Девушка полезла в сумку за деньгами. Я остановил ее.
— Не нужно. Я сделаю в память о нашей дружбе. А вы лучше подайте нищим у церкви.
— Спасибо вам огромное.
Она посмотрела на меня заплаканными глазами, в которых я увидел и самого Андрея и все то «неверующее» смирение, которое он передал своей дочери и улыбнулся. Мне показалось, что старый морячок стоит рядом с нами. Все пропью, но флот не опозорю.

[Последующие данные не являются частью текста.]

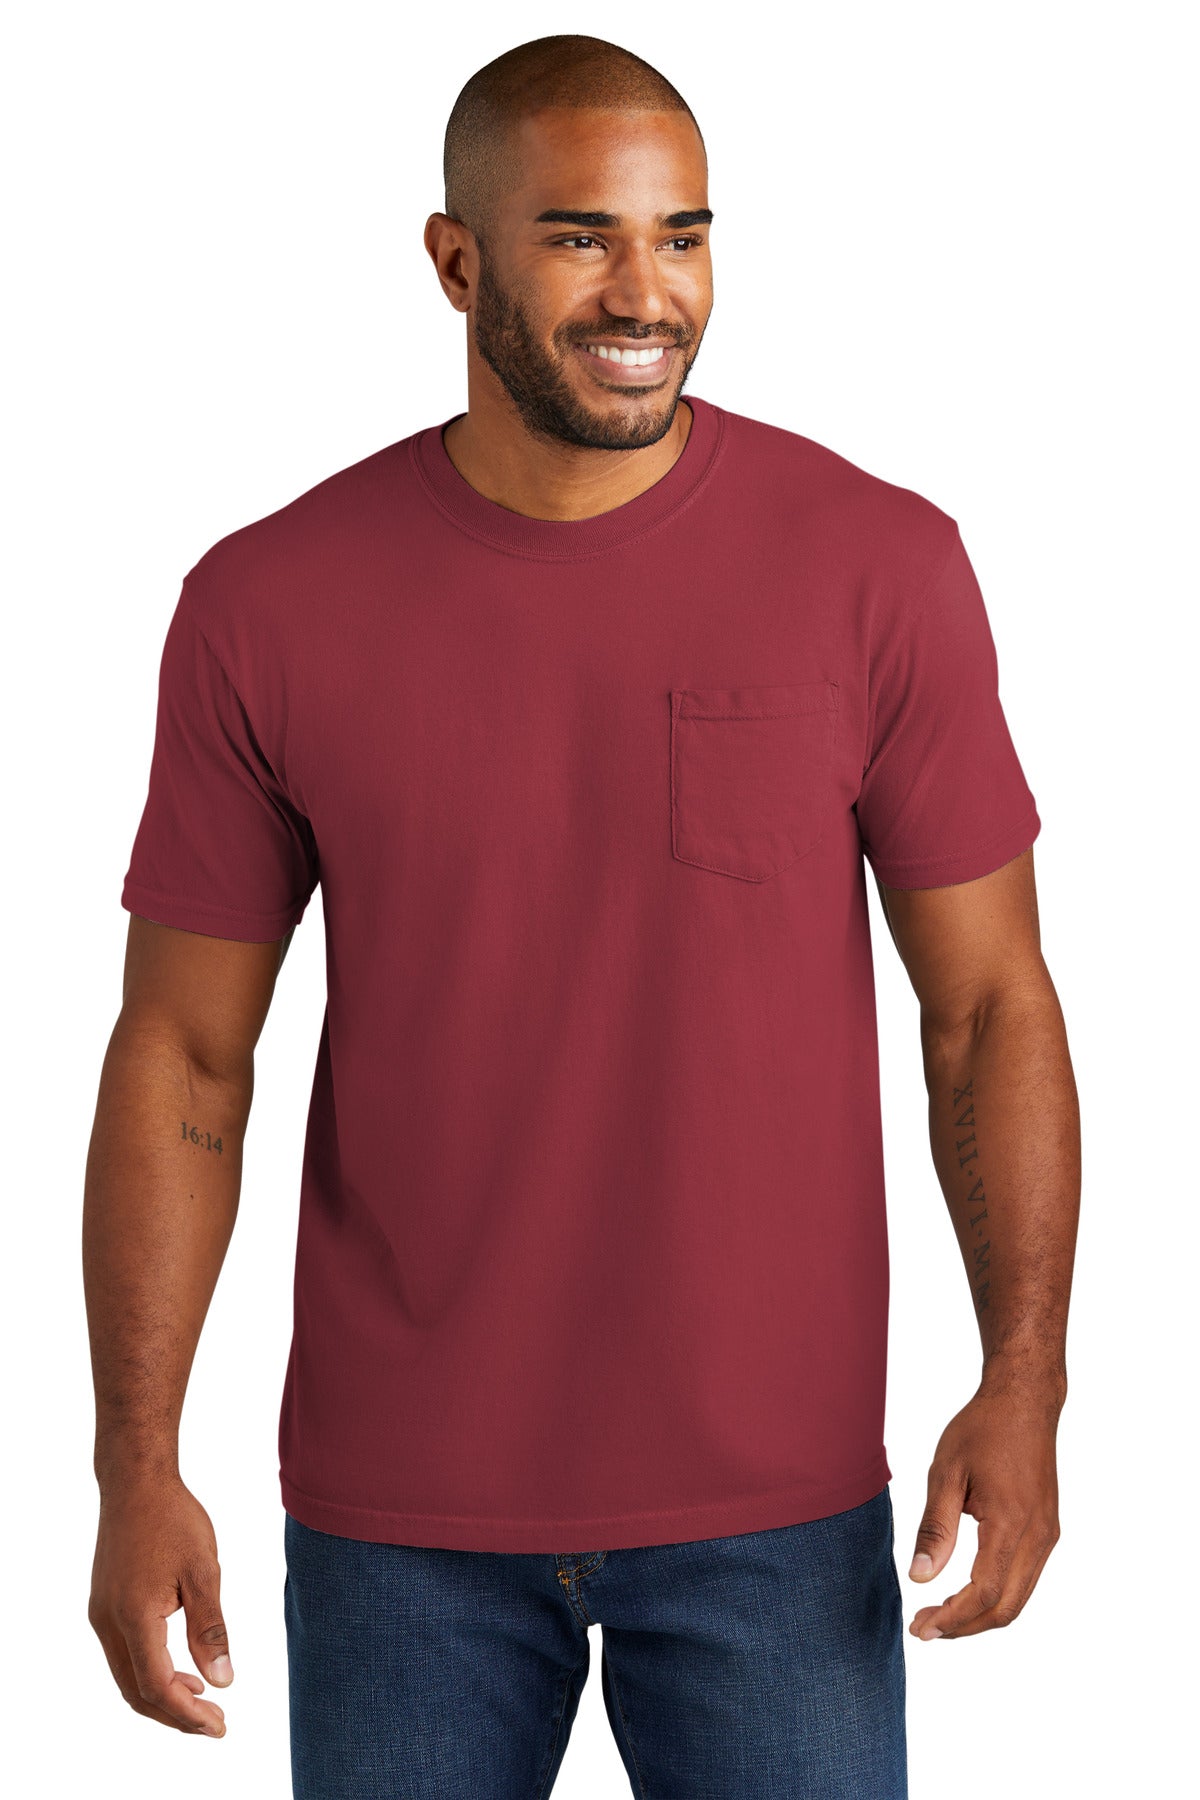 T-Shirts Chili Comfort Colors

— Знаете что, вы не переживайте, — говорю я на прощание. — Ваш папа нес боль и страдания. И это очистило его. Он не озлобился. В этом можете не сомневаться.
— Это важно, да?
— Очень.
21
2 мая. Страстной Понедельник.
На улице жара и духота. Пыль поднимается от южного ветра, бьет в глаза. Живешь в городе как в пустыне. Запахи весны пропали. Начала болеть голова — сильно болеть. Точно в мозгах образовался какой-то минный часовой механизм, готовый в любую секунду взорваться. Со мной было похожее после контузии. Повторялось впоследствии несколько раз. Мне легко от того, что освободился от Натальи. Однако внутри осталась «тыловая контузия» от переживаний последних трех лет. Много было тяжелых, пахнущих трупным ядом мыслей. Теперь они бродят и отравляют душу. Хочется сходить в церковь. Но не ради унылого стояния со свечой в руке. Нельзя делать никакое дело, не осмыслив его предварительно. Все происходящее в Церкви есть Таинство. Любой вздох, обращенный Богу с покаянием. Если это не так, тогда все мы язычники. Не может Бог ничего сделать с человеком без искреннего желания самого человека. Необходимо изменить мысли, преобразовать старое отношение к миру в новое, освободиться от накопившегося яда. Ради приобщения к лекарству от душевной хандры. Причастие войдет лишь в очищенное сердечное пространство.
Три года без покаяния.
Лишь мутное желание соединиться с ведьмой или уничтожить ее. Мрак! Накопилось все невысказанное, нерастраченное, скрытое в самых потаенных закоулках сознания и постепенно отравило душу. Всякая дурная мысль, слово осуждения, движение в область тьмы — столь притягательное для нашего тела, — со временем превращаются в грязевые наросты. Камни на периферии тонких духовных переплетений. В обычной бане паримся часто. А баней паки бытия пренебрегаем. А это куда важнее.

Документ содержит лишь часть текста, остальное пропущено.